I believe it was 1 year only model , a similar shade orange was used on the Scwhinn Volare


----------



## Eric Amlie (Sep 19, 2019)

Mr.RED said:


> a similar shade orange was used on the Scwhinn Volare



The paint on the World Voyageur is a "solid" color. On the Volare it's a "radiant" or metallic color.


----------



## Mr.RED (Sep 19, 2019)

Yeah 2 different oranges for sure wasn't the Volare a 1 year 1 color only model also?


----------



## Roger Henning (Sep 19, 2019)

The Volare I had was red in color and I believe they were made for 2 years.  Roger


----------



## Tim s (Sep 20, 2019)

Rodger is correct the Volare was made for two years (77-78) and came in red and pearlescent orange. Tough bikes to find, here are my two. Tim


----------



## Roger Henning (Sep 21, 2019)

I remember the biggest difference between the 1977 and 1978 is the 1977s had a Crane (Dura Ace) labeled rear derailleur and the 1978 they were called Dura Ace only.  531 Reynolds lugged brazed in Japan frames.  Basically a Japanese Paramount for about half the money


----------



## Mr.RED (Sep 21, 2019)

I always liked the Volare model my buddy sold one with all Dura Ace 1st gen and since then I've always wanted one. Tim you have a beautiful pair of bikes.


----------



## 49autocycledeluxe (Sep 21, 2019)

when I bought my first nice roadbike in 1983 I didn't even think to go look at Schwinn.  I thought they only made the heavy Varsity and Continentals.


----------



## Metacortex (Sep 23, 2019)

The World Voyageur was a 2-year model, '72 and '73. It was replaced in '74 by the Voyageur II, which was essentially the same bike but with different colors and the addition of a 25" frame size.
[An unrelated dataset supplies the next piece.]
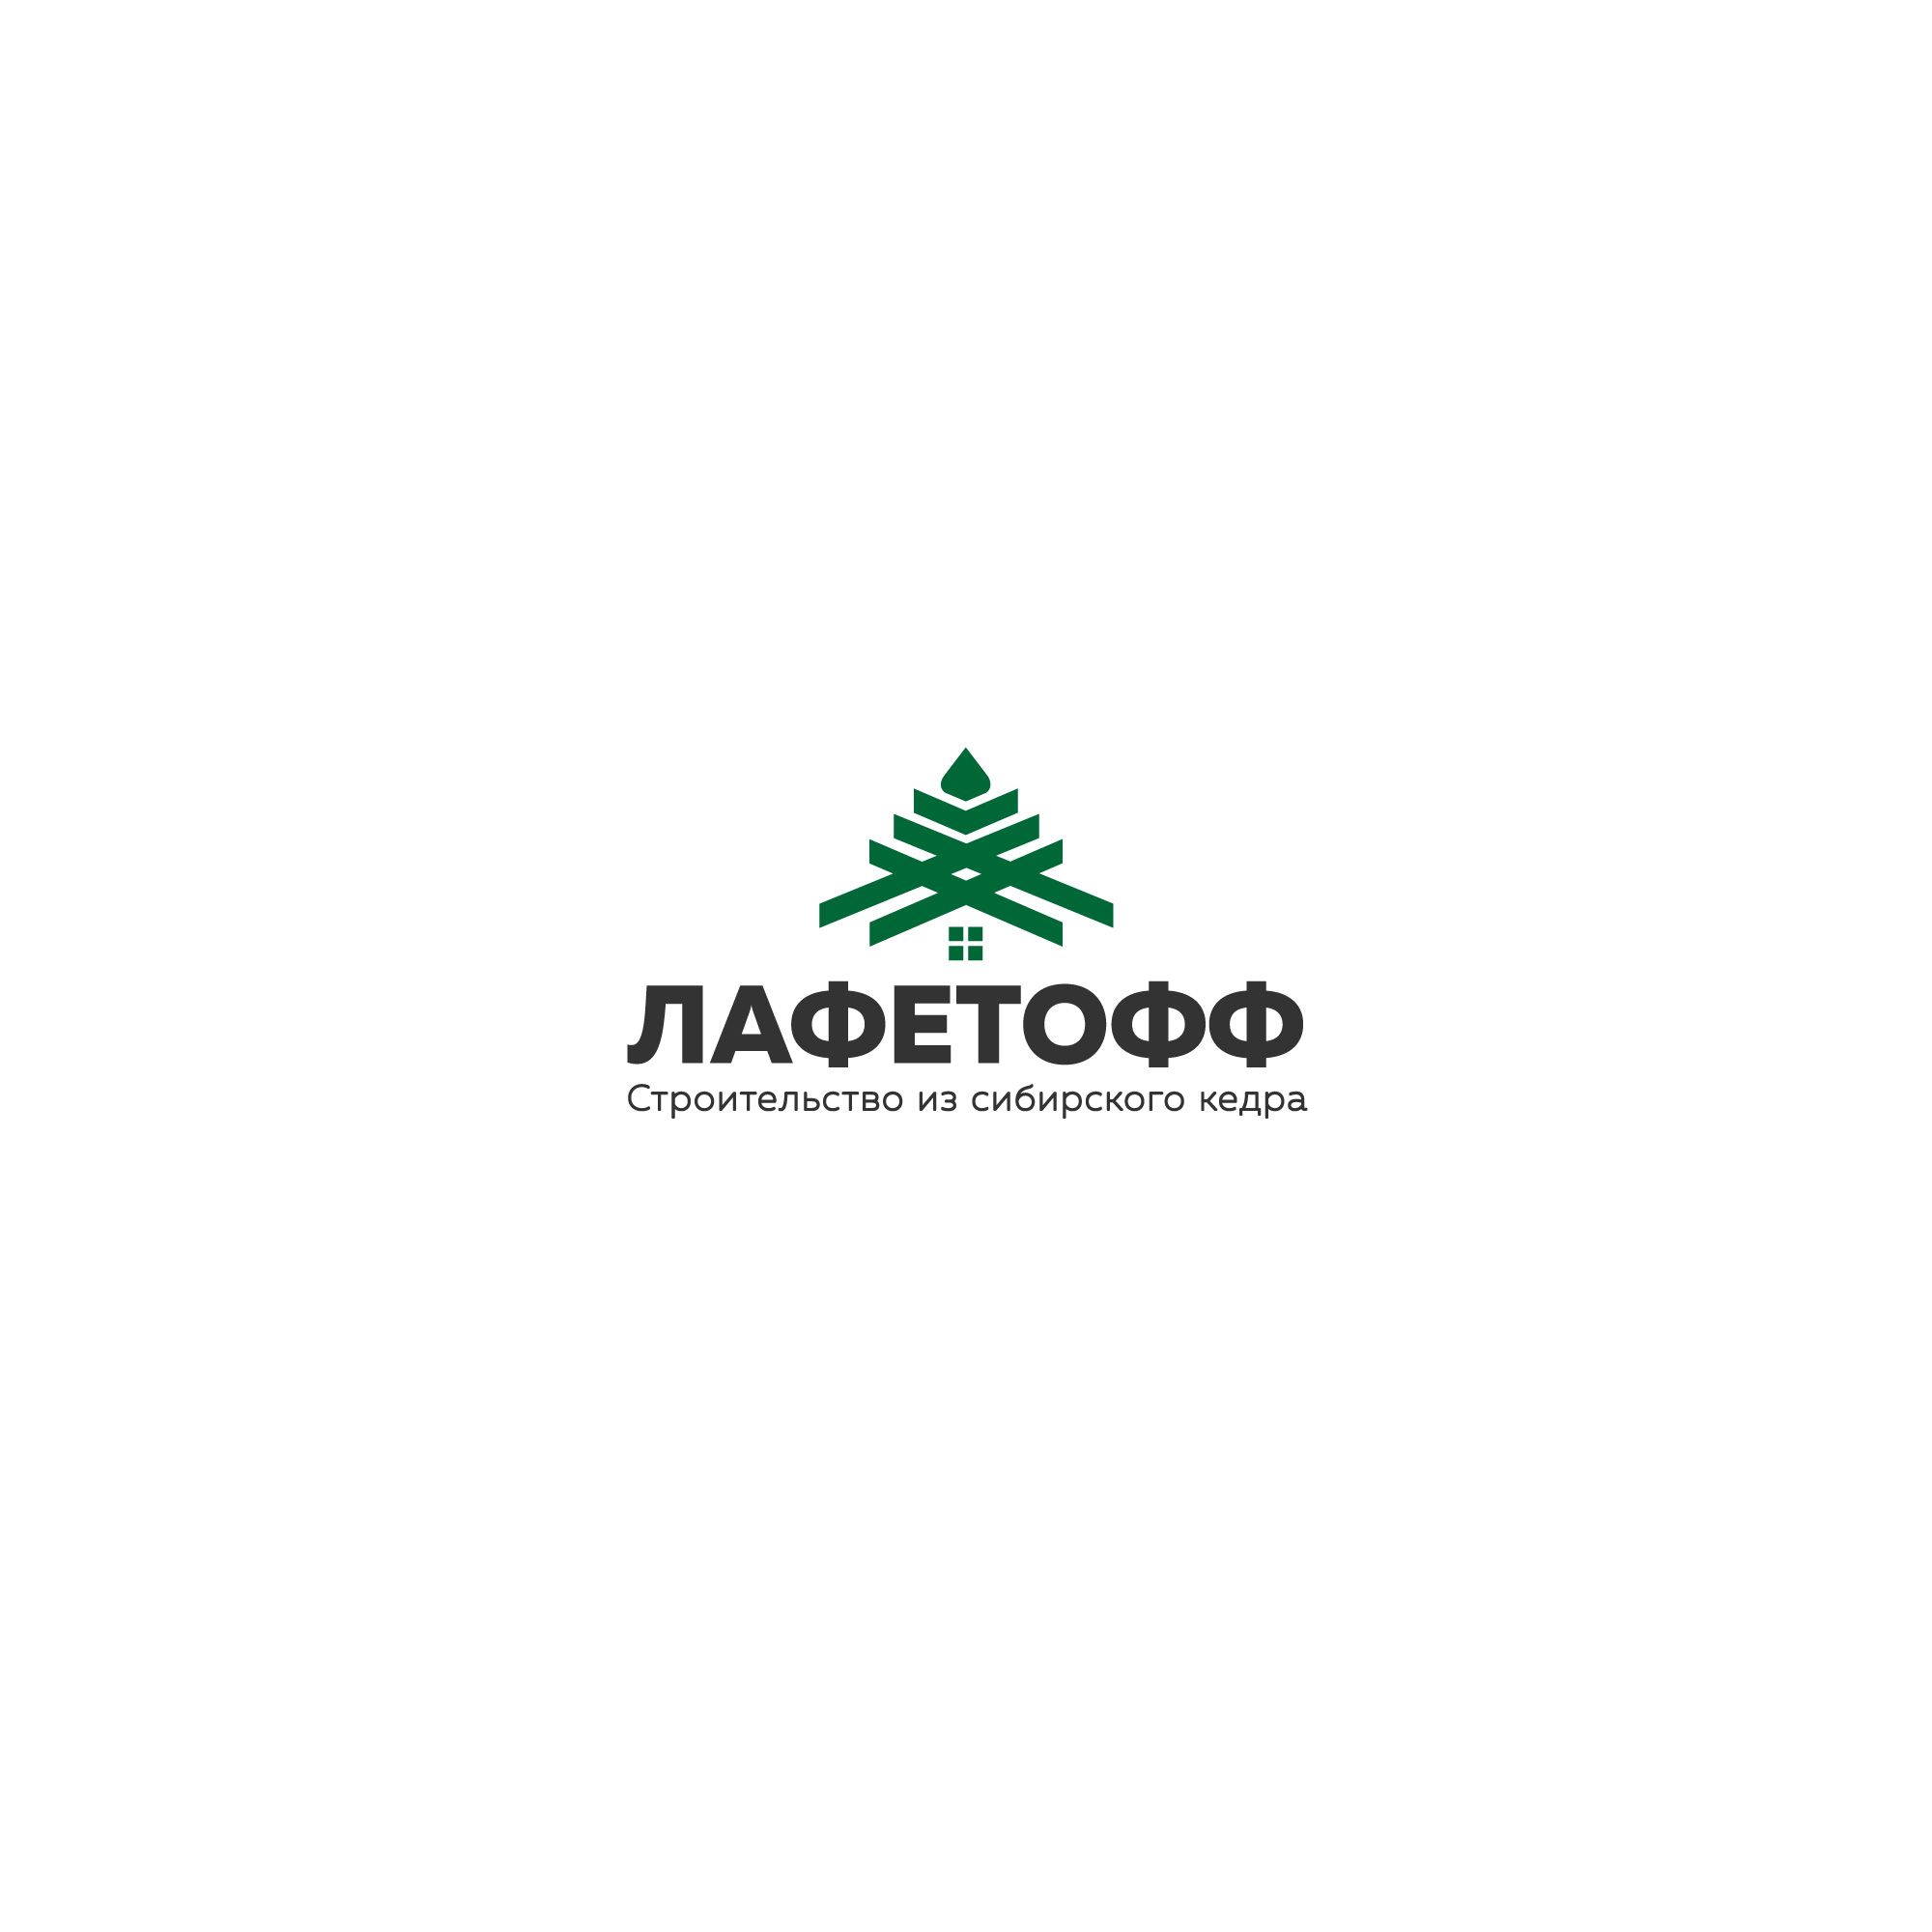 Логотип для Лафетофф - дизайнер designer12345

The '72 and '73 Schwinn Approved (Suntour) barcons had grey lever covers. For '74 and later they were changed to black.


----------



## juvela (Sep 23, 2019)

Roger Henning said:


> I remember the biggest difference between the 1977 and 1978 is the 1977s had a Crane (Dura Ace) labeled rear derailleur and the 1978 they were called Dura Ace only.  531 Reynolds lugged brazed in Japan frames.  Basically a Japanese Paramount for about half the money




-----

At its launch the Shimano DuraAce road ensemble was incomplete.

There was no rear mech so the Crane was employed.

There were no brakes so the Tourney centrepull was employed with a DuraAce stamping.

Other makers of complete road ensembles did similar things at the launch of a new one, using earlier model parts to fill out a set.

-----


----------